HAVE A WELL THOUGHT OUT AND VIABLE HOME SELF-DEFENSE PLAN.

(10) Ideally, you should know: (10a) The best contact and ambush points around your home. (10b) The safest and best angles and lines of fire throughout your house; and (10c) have a coordinated response plan between yourself and all other family members.

The NRA recommends using a preselected, 'safe room' and keeping a cell phone, a high intensity flashlight, and a set of house keys in that safe room with you. If - if - you, also, have outside egress from that safe room, then, so much the better. Getting out of the house whenever someone else is inside it is often your best personal security option, and should be taken whenever it's prudent to do so.


----------



## pic (Nov 14, 2009)

Keeping or hiding your "self defense" "go to gun", in different places in the home doesn't work for me.
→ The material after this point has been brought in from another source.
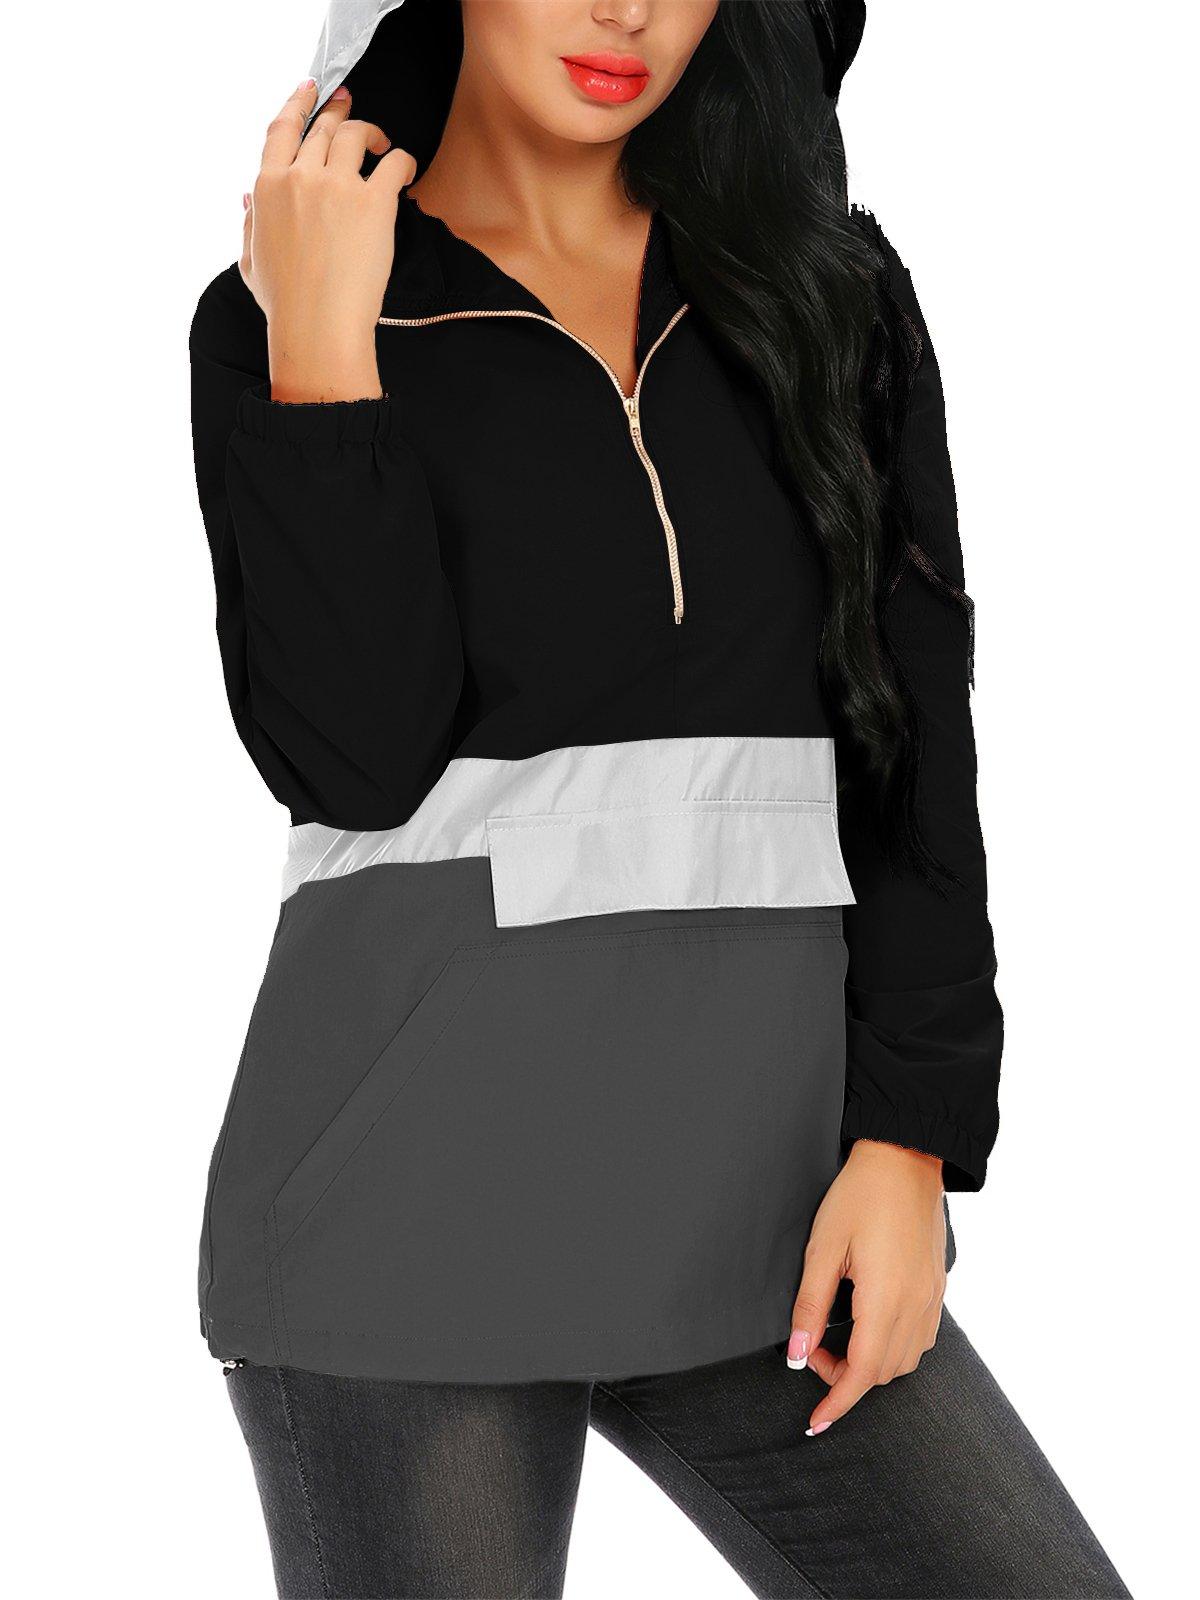 FISOUL Women Lightweight Sport Hoodie Raincoat with Pocket Active Outdoor Hooded Windbreaker Jacket Black XL

I personally need to have my home defense gun or guns in the same place out of sight.

I have tried switching different areas, for me I need to know where the mags , guns are located without thinking about it.
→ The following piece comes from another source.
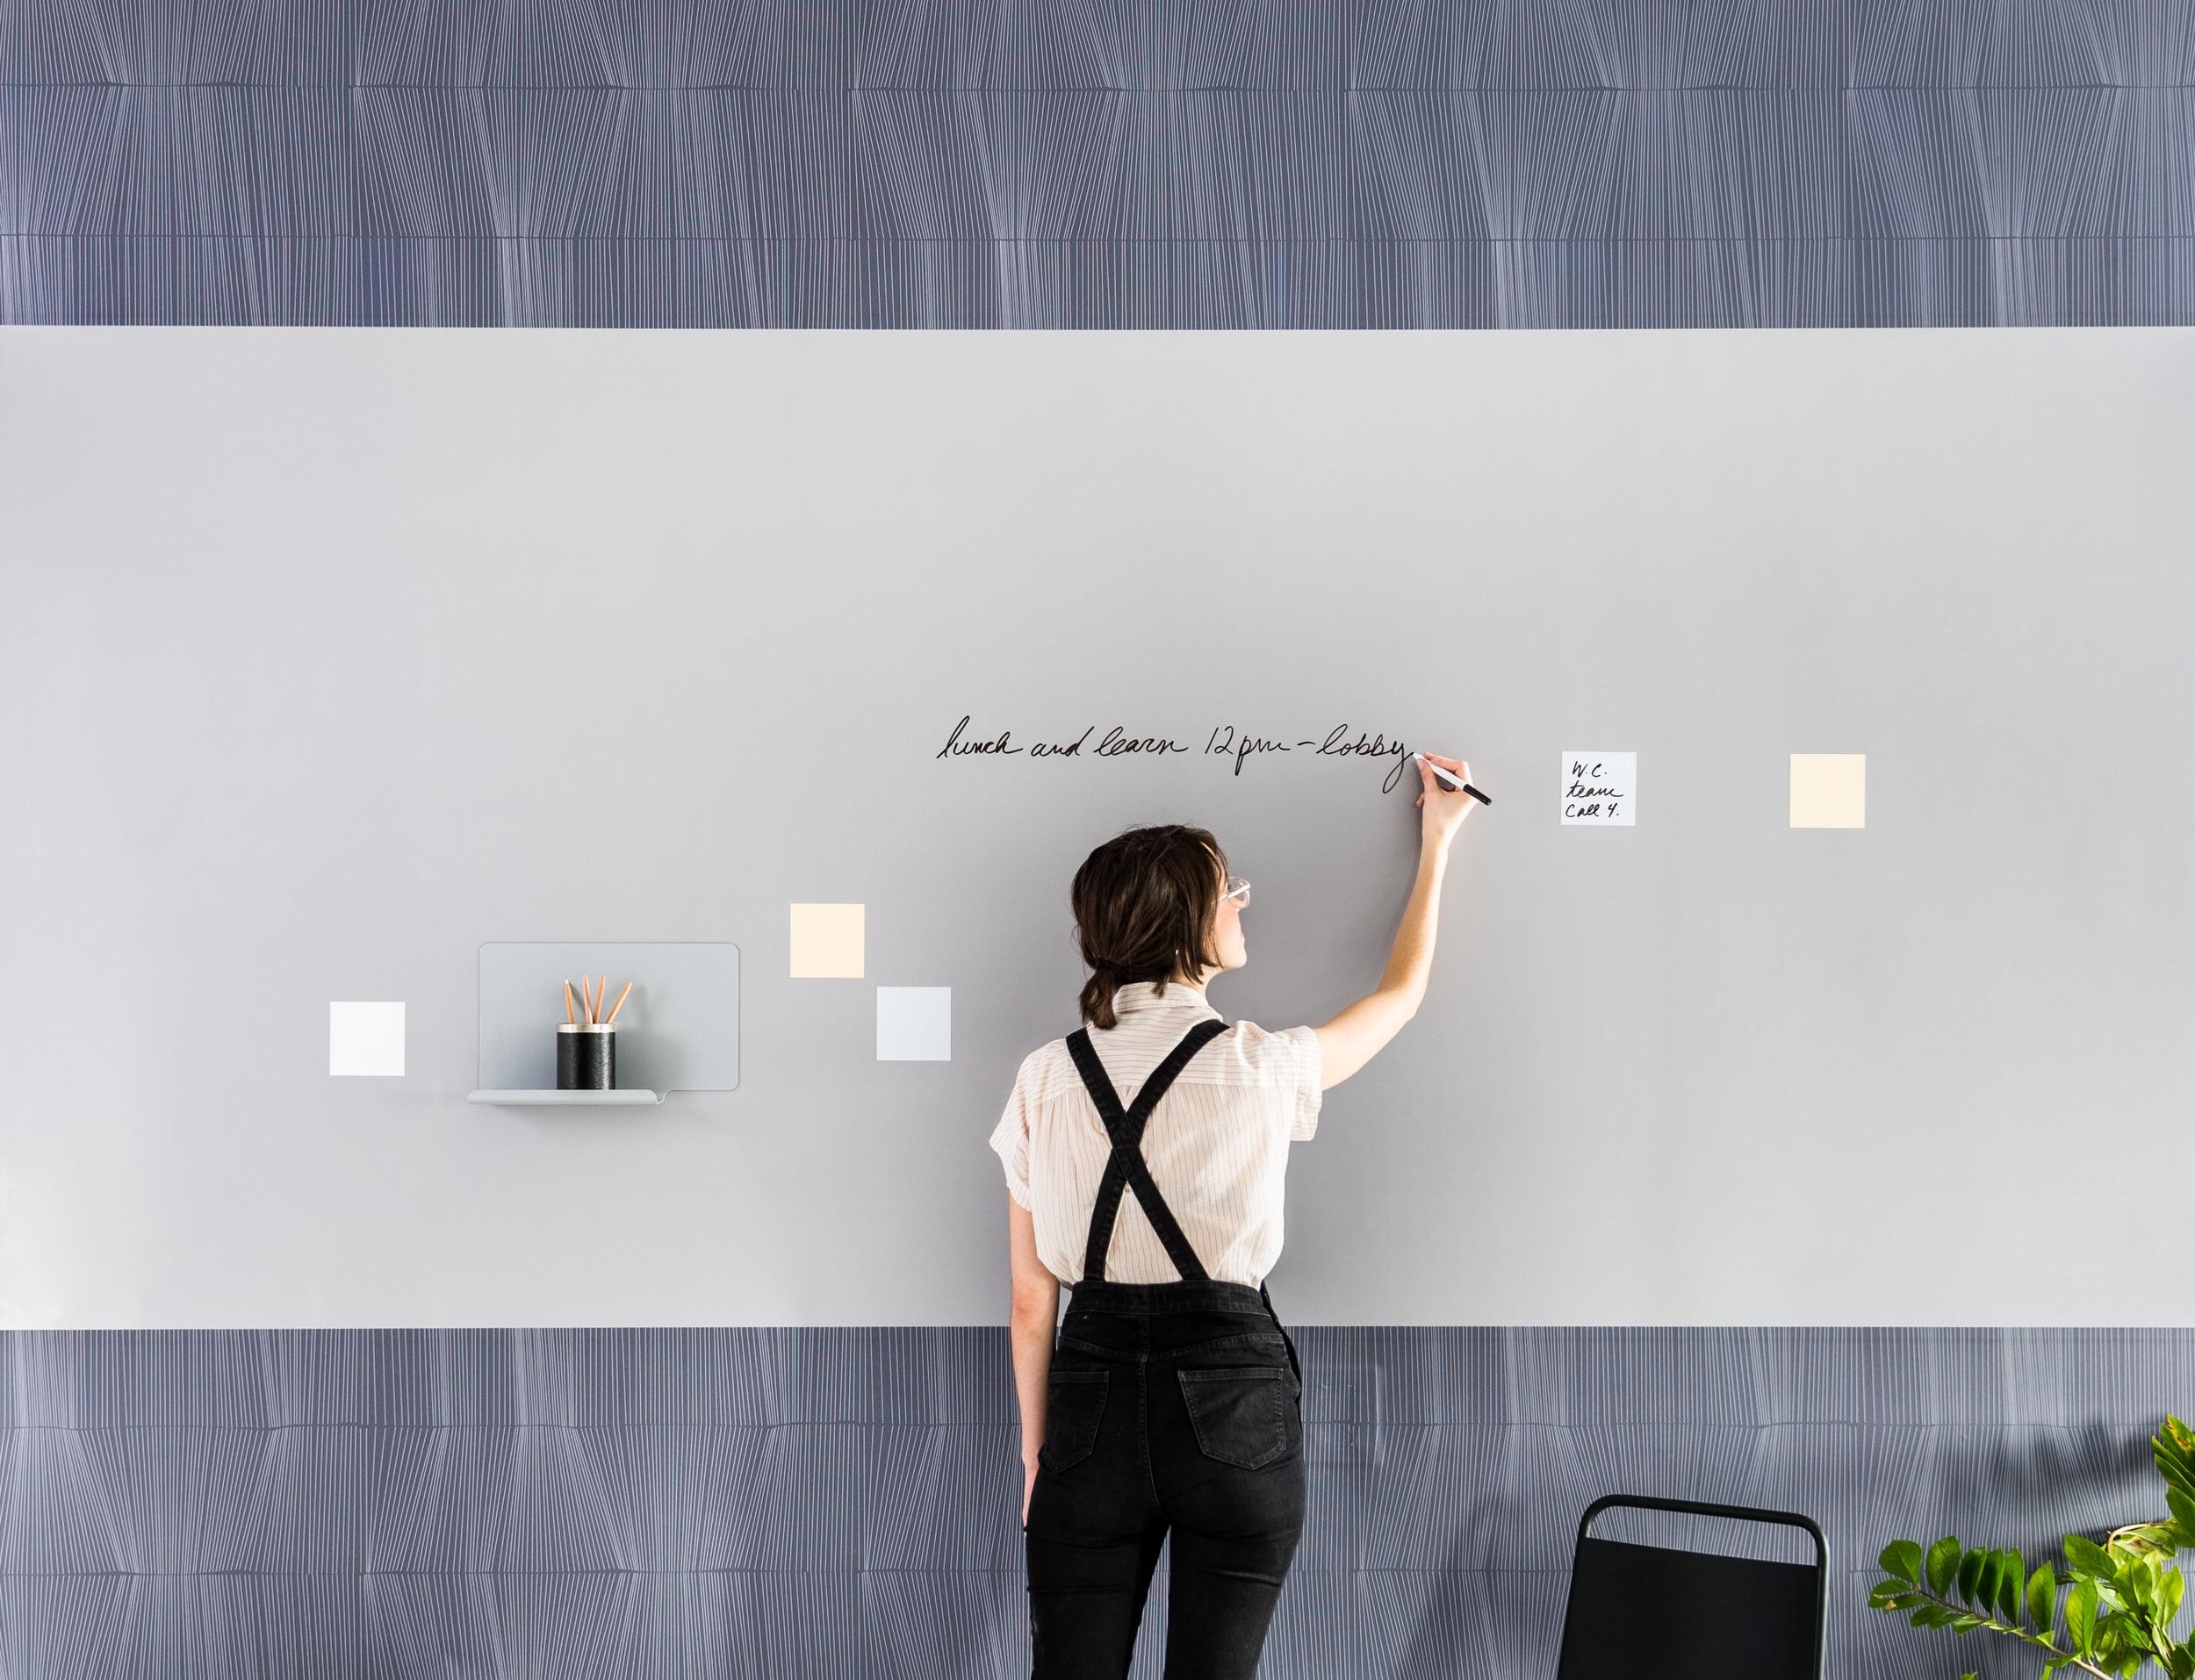 forces - Designer: Jill MalekVIEW COLLECTIONDry erase + textile integration.

That is the only difference I would have.

Good job so far, I'm sure your final edit will be GREAT!
Thanks for sharing
Pic


----------



## paratrooper (Feb 1, 2012)

pic said:


> Keeping or hiding your "self defense" "go to gun", in different places in the home doesn't work for me.
> 
> I personally need to have my home defense gun or guns in the same place out of sight.
> 
> ...


Yup, I also agree with keeping your "go to" gun in the same place, all the time. In case of need, I don't want to have to ask myself......"Now where did I put that gun this time"?

And.....when it's in it's one place all the time, it's also positioned the same exact way I put it, when I first put it there. That way, even in the middle of the night, in complete darkness, I can reach over and know it's properly positioned for a quick grab.


----------



## Steve M1911A1 (Feb 6, 2008)

paratrooper said:


> Yup, I also agree with keeping your "go to" gun in the same place, all the time. In case of need, I don't want to have to ask myself......"Now where did I put that gun this time"?...
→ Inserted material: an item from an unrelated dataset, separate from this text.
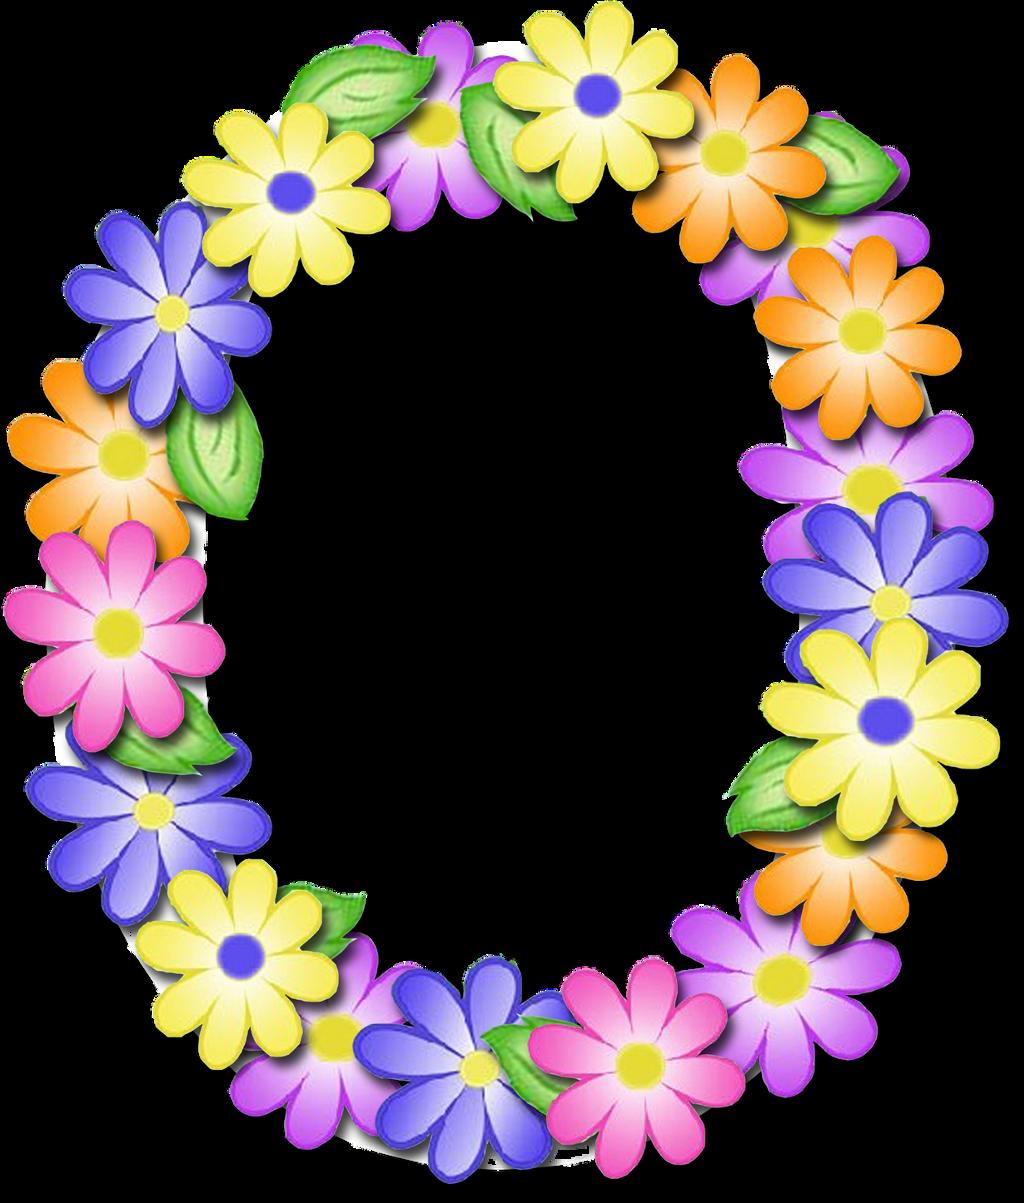 #flowers #frame

...How 'bout _on your body, all the time_-except when you're asleep, and then it's always in whatever same place you choose for it?

Jean and I will be away visiting our Rhode Island granddaughter from November 29th through December 14th.
Stay polite, don't cause too much trouble, and we'll see you in a couple of weeks.


----------



## paratrooper (Feb 1, 2012)

Steve M1911A1 said:


> ...How 'bout _on your body, all the time_-except when you're asleep, and then it's always in whatever same place you choose for it?
> 
> Jean and I will be away visiting our Rhode Island granddaughter from November 29th through December 14th.
> Stay polite, don't cause too much trouble, and we'll see you in a couple of weeks.


Believe it or not, I never carry while in my home or on my property. I don't feel the need to.

And, for the most part, I don't carry on a day to day basis within my community.

If I really felt the need to carry for any reason in regards to the above two statements, I would.


----------



## Steve M1911A1 (Feb 6, 2008)

Hmmm...

Consider my having wrote this hoping to make you giggle:

So, your crystal ball is so accurate that you can predict exactly when and where you are going to be attacked?




Jean and I will be away visiting our Rhode Island granddaughter from November 29th through December 14th.
Stay polite, don't cause too much trouble, and we'll see you in a couple of weeks.


----------



## pic (Nov 14, 2009)

I don't always need a gun . I have other special skills :numbchuck: :duel: :smt027:smt171 plus I can run like Forrest Gump:smt170


----------



## paratrooper (Feb 1, 2012)

Steve M1911A1 said:


> Hmmm...
> 
> Consider my having wrote this hoping to make you giggle:
> 
> ...


Life is a gamble at best. You simply cannot be prepared for everything that might happen. At some point, you have to draw a line in the sand and say that's that.

Trying to advise someone when, where and why they need to carry a gun, is opening up a big ole can of worms. Different people, locations, and situations, call for varying levels of preparedness.

I won't and never have, tried to convince someone they need to carry. It's a call that only the individual can make.


----------



## Steve M1911A1 (Feb 6, 2008)

Got it.

See you in a couple of weeks.


----------



## recoilguy (Apr 30, 2009)

Gun on me when ever I am awake.
Bed stand when I am not.
My choice to do so
Good points by all in this thread.


----------